What really didn't work:
- Regal Investment Fund (RF1.AX) lost AUD 10k.
Here are the investment performance statistics for the last five years:
The top three lines give our performance in USD and AUD terms, while the last three lines give the same statistics for four benchmarks. This month, we have added the Vanguard 60/40 ETF portfolio to the set of benchmarks. The middle block gives our performance relative to the indices.
These are now measured from the end of May 2020. Our alpha relative to the ASX200 fell to 3.1% with a beta of only 0.48. We still have much lower volatility, resulting in a information ratio of 1.43 vs. 1.11. We capture much less of the downside moves than the upside moves in the market. We also have very good performance relative to the Vanguard 60/40 portfolio with the same volatility but 4% p.a. more return. But as we optimize for Australian Dollar performance, our USD statistics are much worse. We do beat the HFRI hedge fund index in terms of return, but at the expense of much higher volatility. Our USD volatility is at least less than that of the MSCI index, but our return is more than three percentage points lower.
We moved strongly towards our target allocation as we completed redeployment of cash from the sales in April. Our actual allocation currently looks like this:
About 70% of our portfolio is in what are often considered to be alternative assets: real estate, art, hedge funds, private equity, gold, and futures. A lot of these are listed investments or investments with daily liquidity, so our portfolio is not as illiquid as you might think.
We receive employer superannuation contributions every two weeks. We make an annual concessional contribution to Moominmama's superannuation to reach the annual cap on contributions. We contribute USD 10k each quarter to the Unpopular Ventures Rolling Fund and less frequently there will be capital calls from Aura Venture Fund II. I am now receiving TTR pension payments from both Unisuper and our SMSF and contributing more than the total of these back to my superannuation accounts. (around AUD 4k net contribution per month). It was another busy month. I made the following additional moves this month:
- I made a UK pension contribution for the 2024-25 financial year.

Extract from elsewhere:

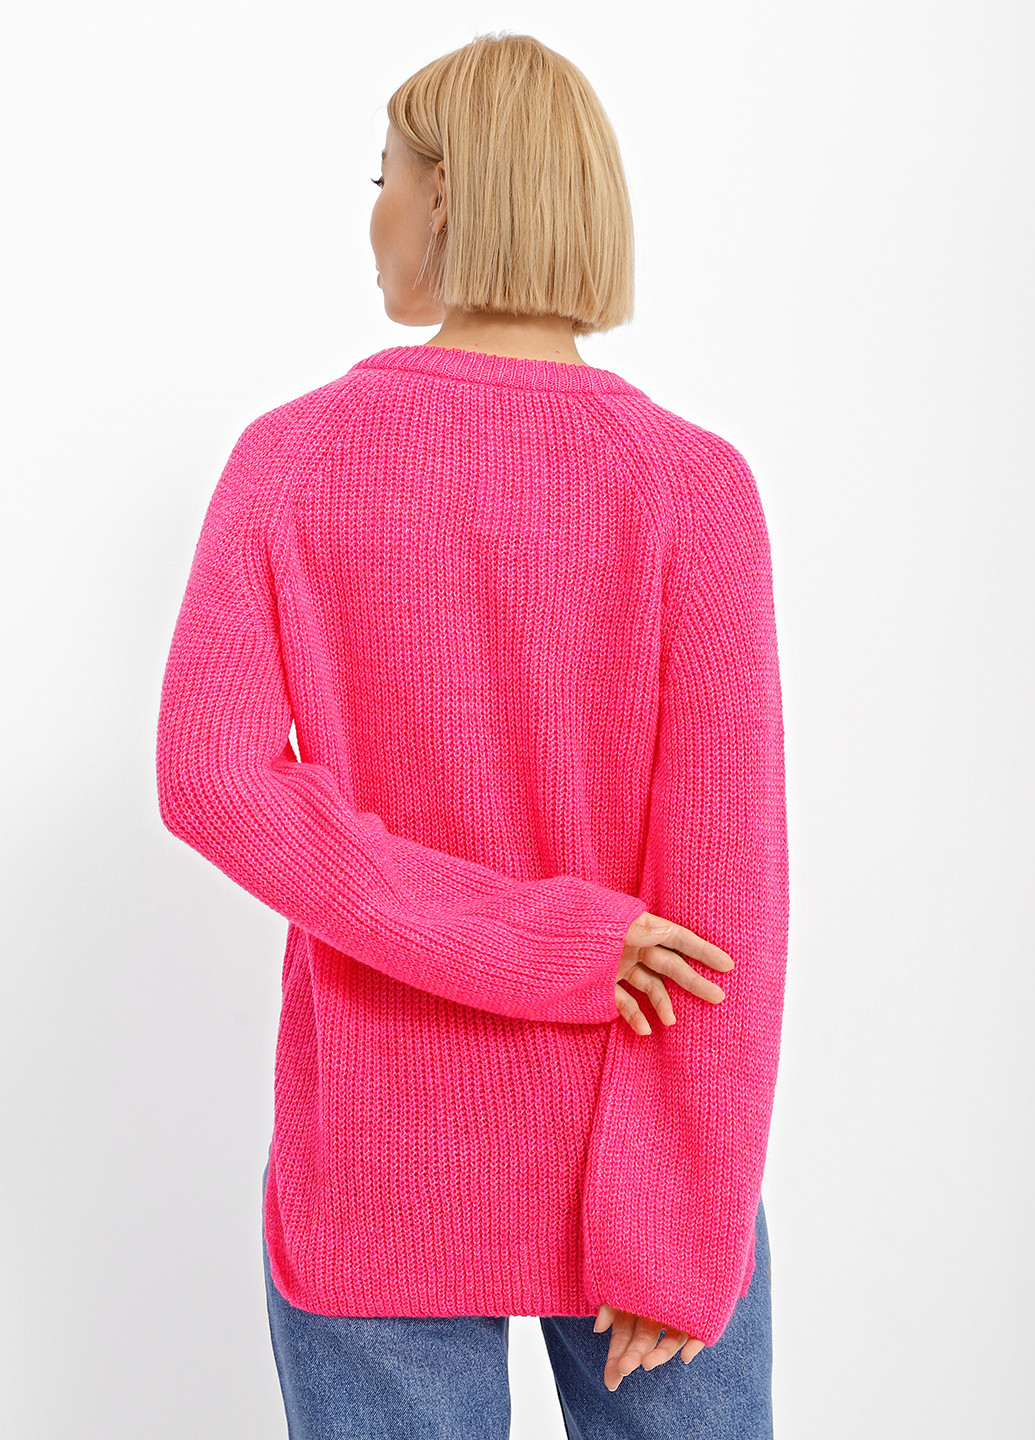 Малиновый демисезонный пуловер пуловер Sewel
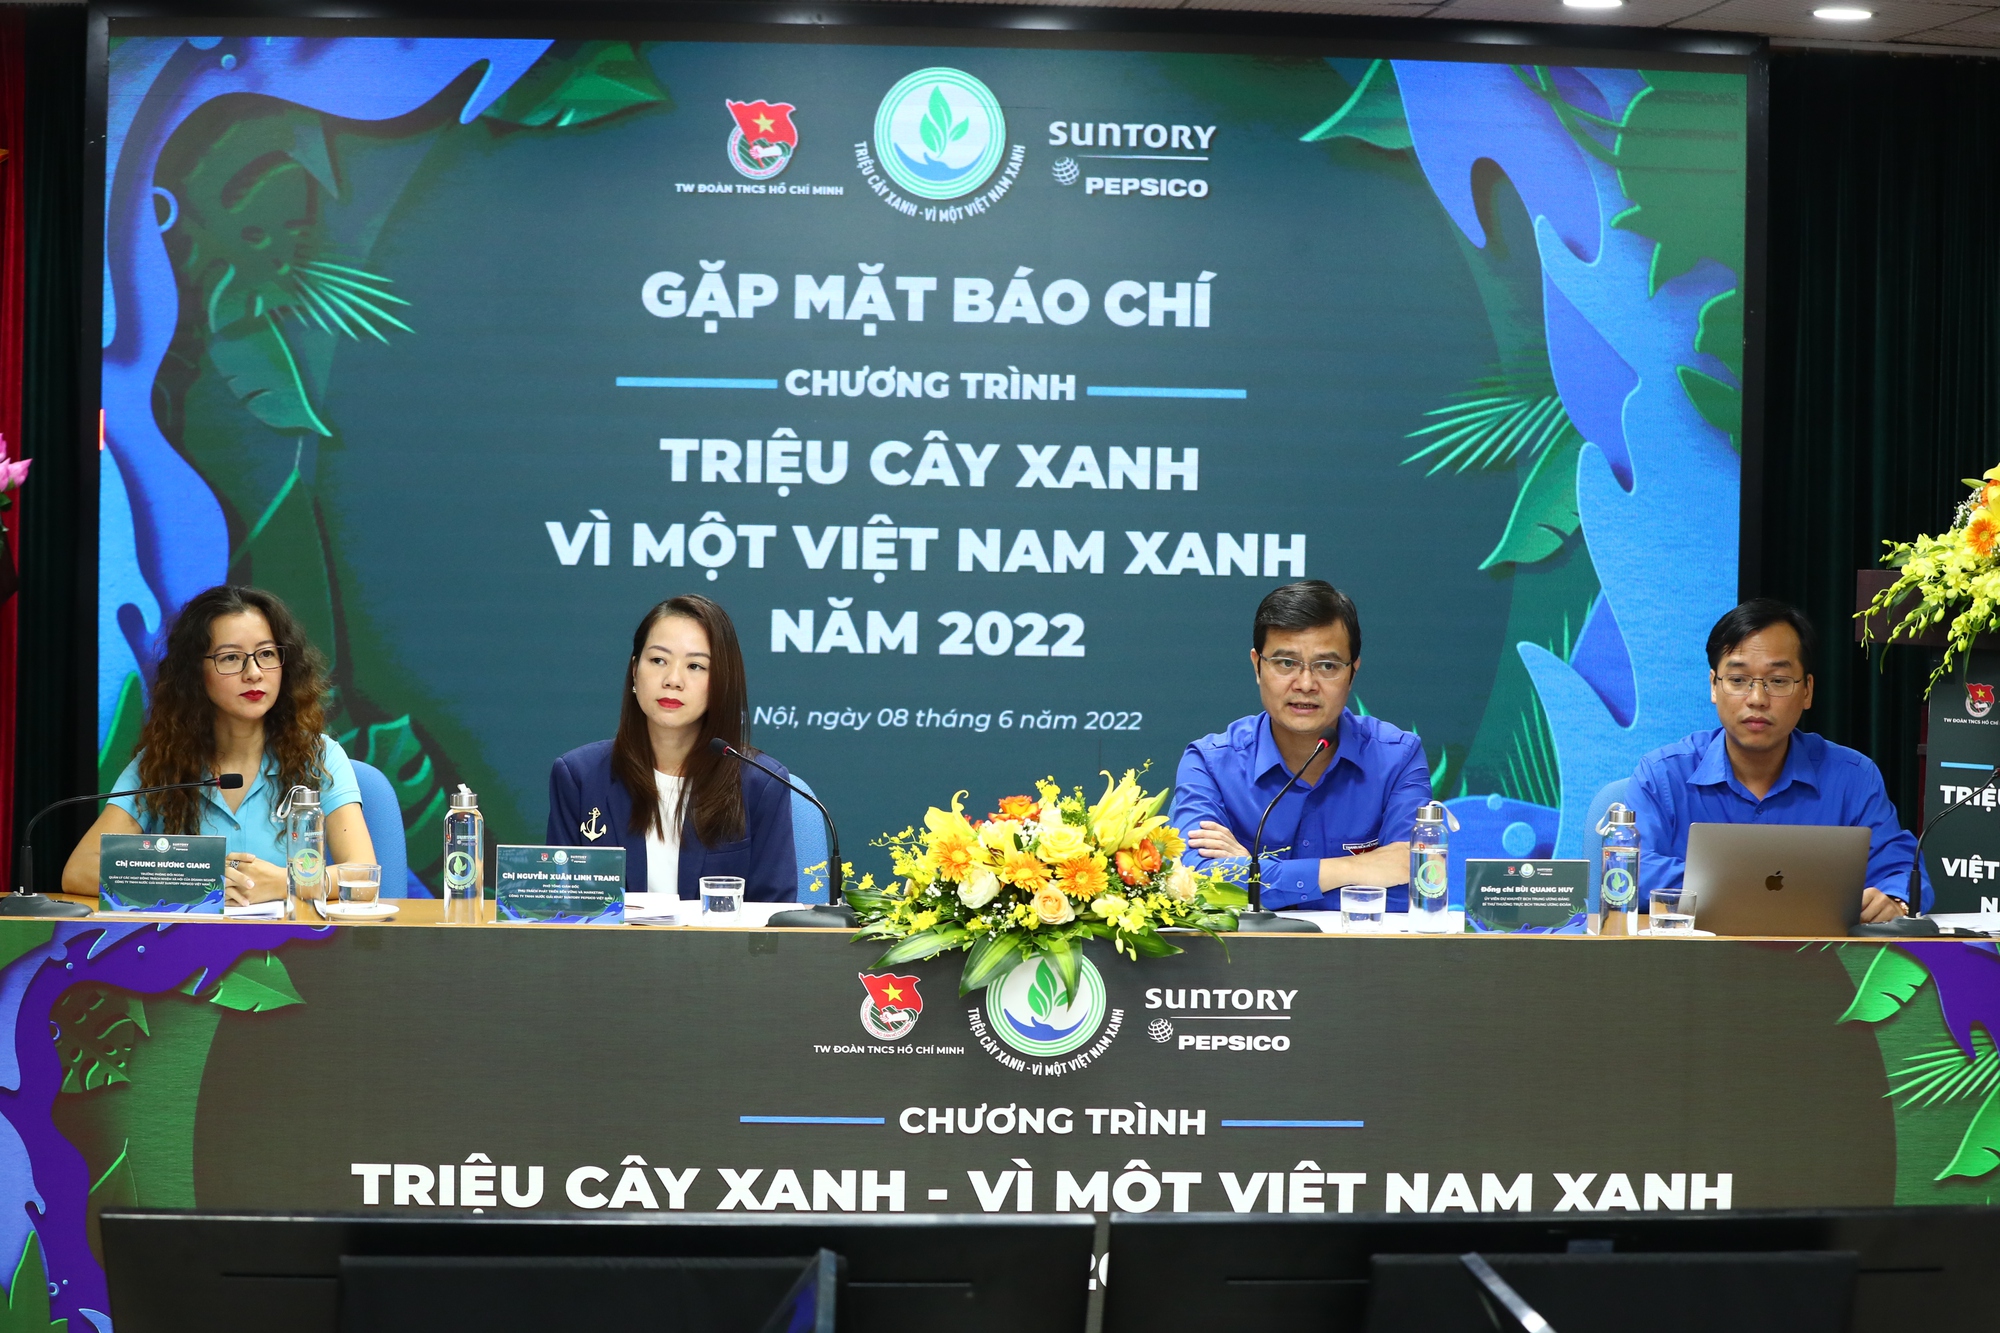 Bí thư Thường trực T.Ư Đoàn: Thanh niên sẽ trồng 60.000 cây xanh trong năm 2022 - Ảnh 1.

- I bought 200 shares of Berkshire Hathaway B (BRK/B). I think Greg
Abel may find better things to do with the cash pile than Buffett did
and, as he is an operations guy, rationalize some of the existing
subsidiaries.
- I bought 40k shares of a Metrics private credit LIT (MOT.AX). The idea
is that this will fund TTR pension payouts next financial year. It is
trading about 7% below NAV so has some margin of safety.
- I sold 1,000 shares of the gold ETF PMGOLD.AX. We hold 13k shares now.
- I bought net 2.5k more shares of an ASX200 ETF (IOZ.AX). Yes, I'm getting more
comfortable with passive investing for the long equity portion of our
portfolio. We now have 3k shares.
- I bought 2,000 more shares of the WCM Global Quality managed ETF (WCMQ.AX). We now have 13k shares.
- I bought 10k more shares of the Pengana private equity LIT (PE1.AX). We now have 87k shares.
- I bought net 60k more shares of the WAM Capital LIC (WAM.AX). We now have 100k shares.
- I bought 1,175 more shares of a bitcoin ETF (IBTC.AX). We now have 8k shares. Roughly 0.8 BTC.
- I bought 300 more shares of 3i (III.L) after it sold off on what looks like a great earnings report. Earnings on stated NAV were 25% up 25% on the previous year. It trades way above NAV, but that is because NAV is stated pretty conservatively I think. We now have 3,800 shares.
- I bought 500 more shares of Pershing Square Holdings (PSH.L). Their reduction of their position in Universal Music, increase in positions in tech stocks, and possibility of strong performance for Fannie Mae and Freddie Mac together with the price being way below NAV, encouraged me to add to the position. We now have 5,500 shares.